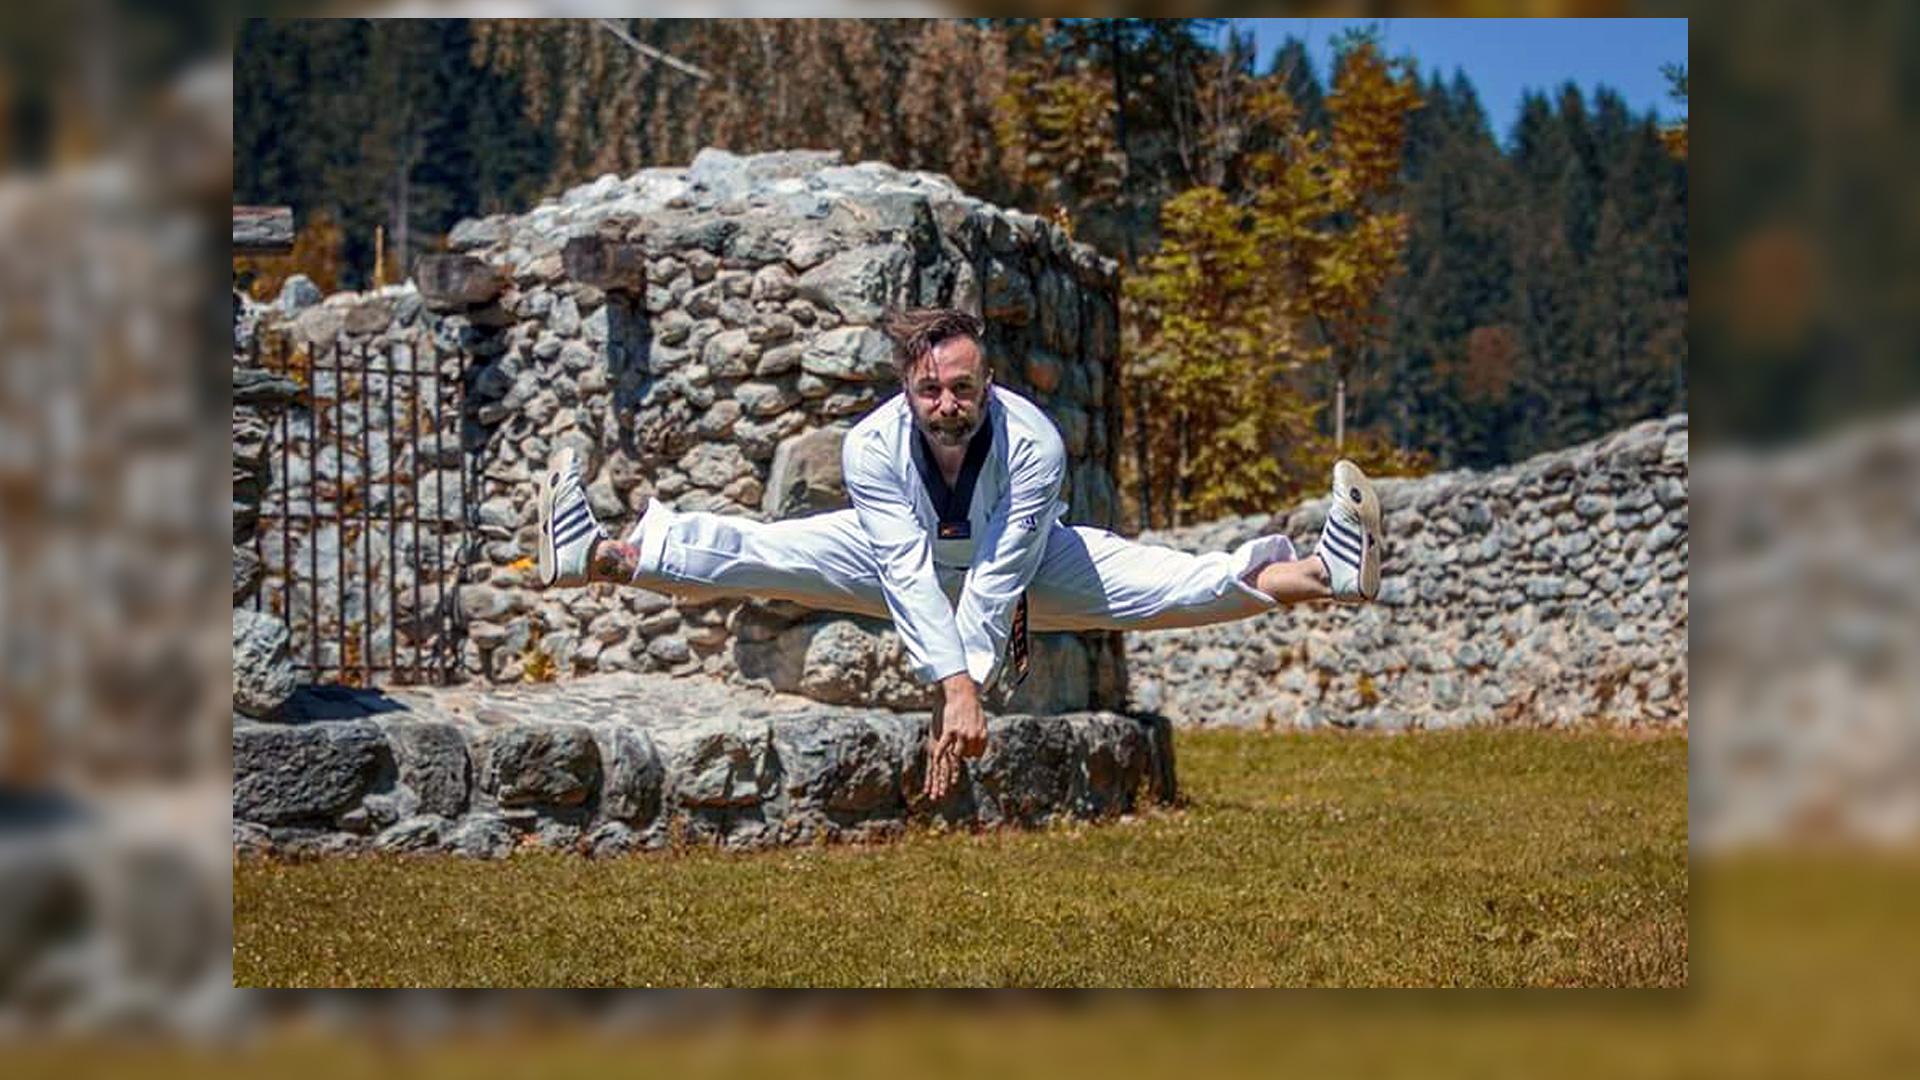 Taekwondo Sportler im Freien, Spagat
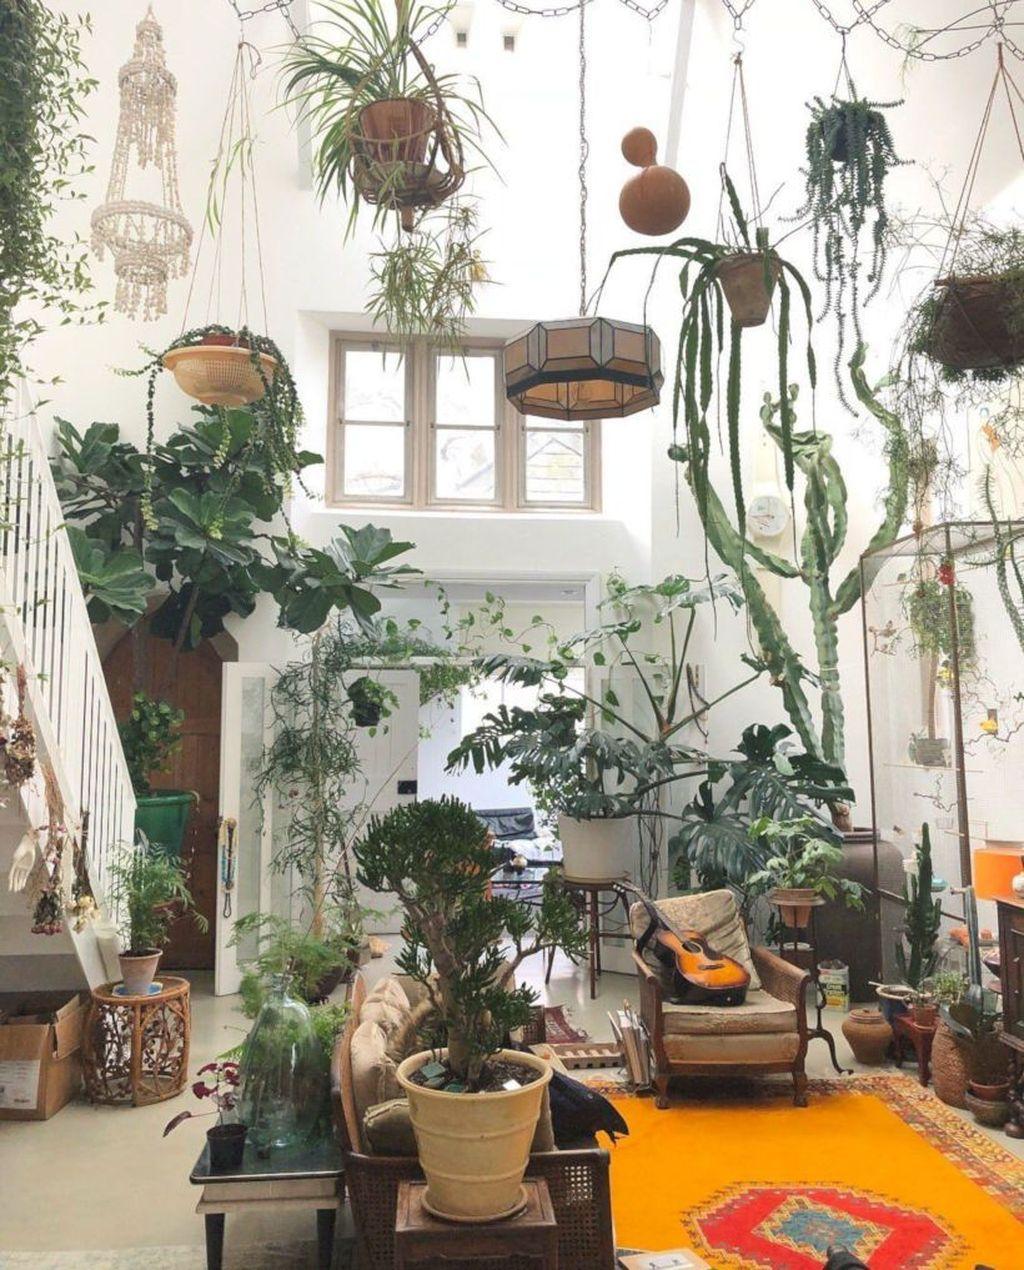 The Best Indoor Garden Ideas To Beautify Your Home 19
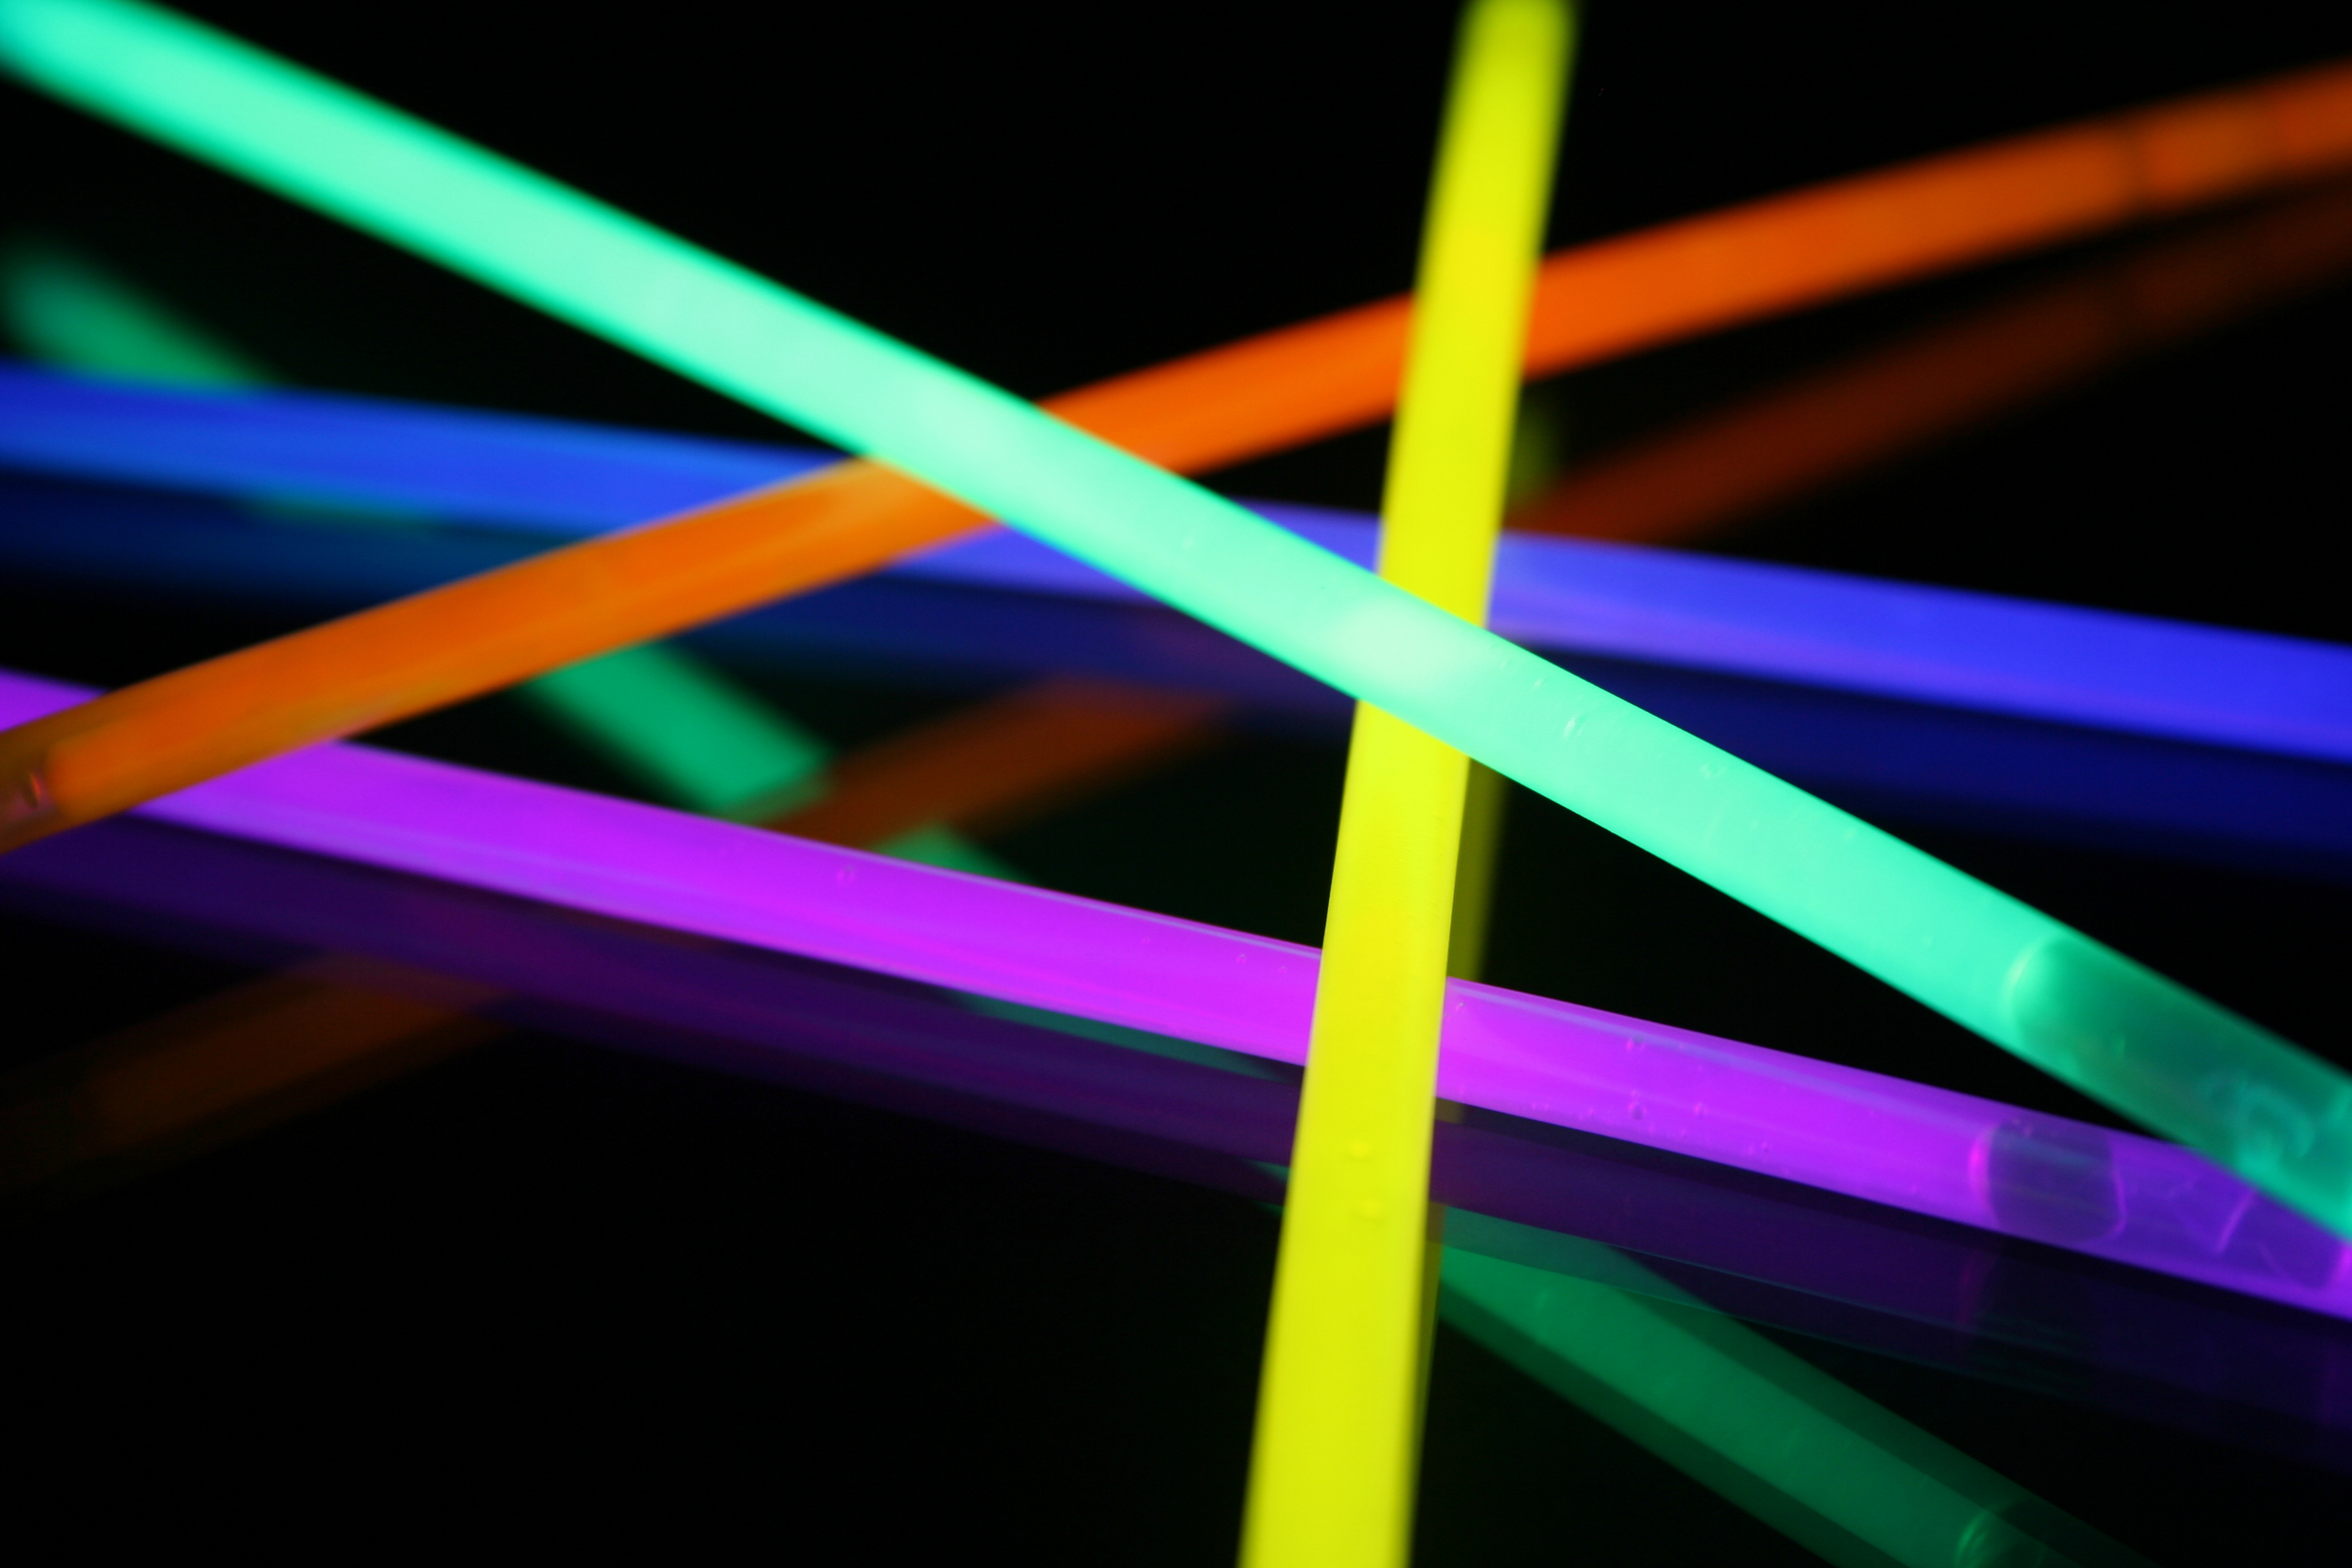 glow sticks Nicaboynecom: glow sticks, necklaces, glow golf, light up toys, and promotional products.

◆ ASSIGNMENT ◆
Print the listing word for word, but omit the pictures.

◆ SOLVED EXERCISE ◆
 Taekwondo Sportler im Freien, Spagat
 The Best Indoor Garden Ideas To Beautify Your Home 19
 glow sticks Nicaboynecom: glow sticks, necklaces, glow golf, light up toys, and promotional products.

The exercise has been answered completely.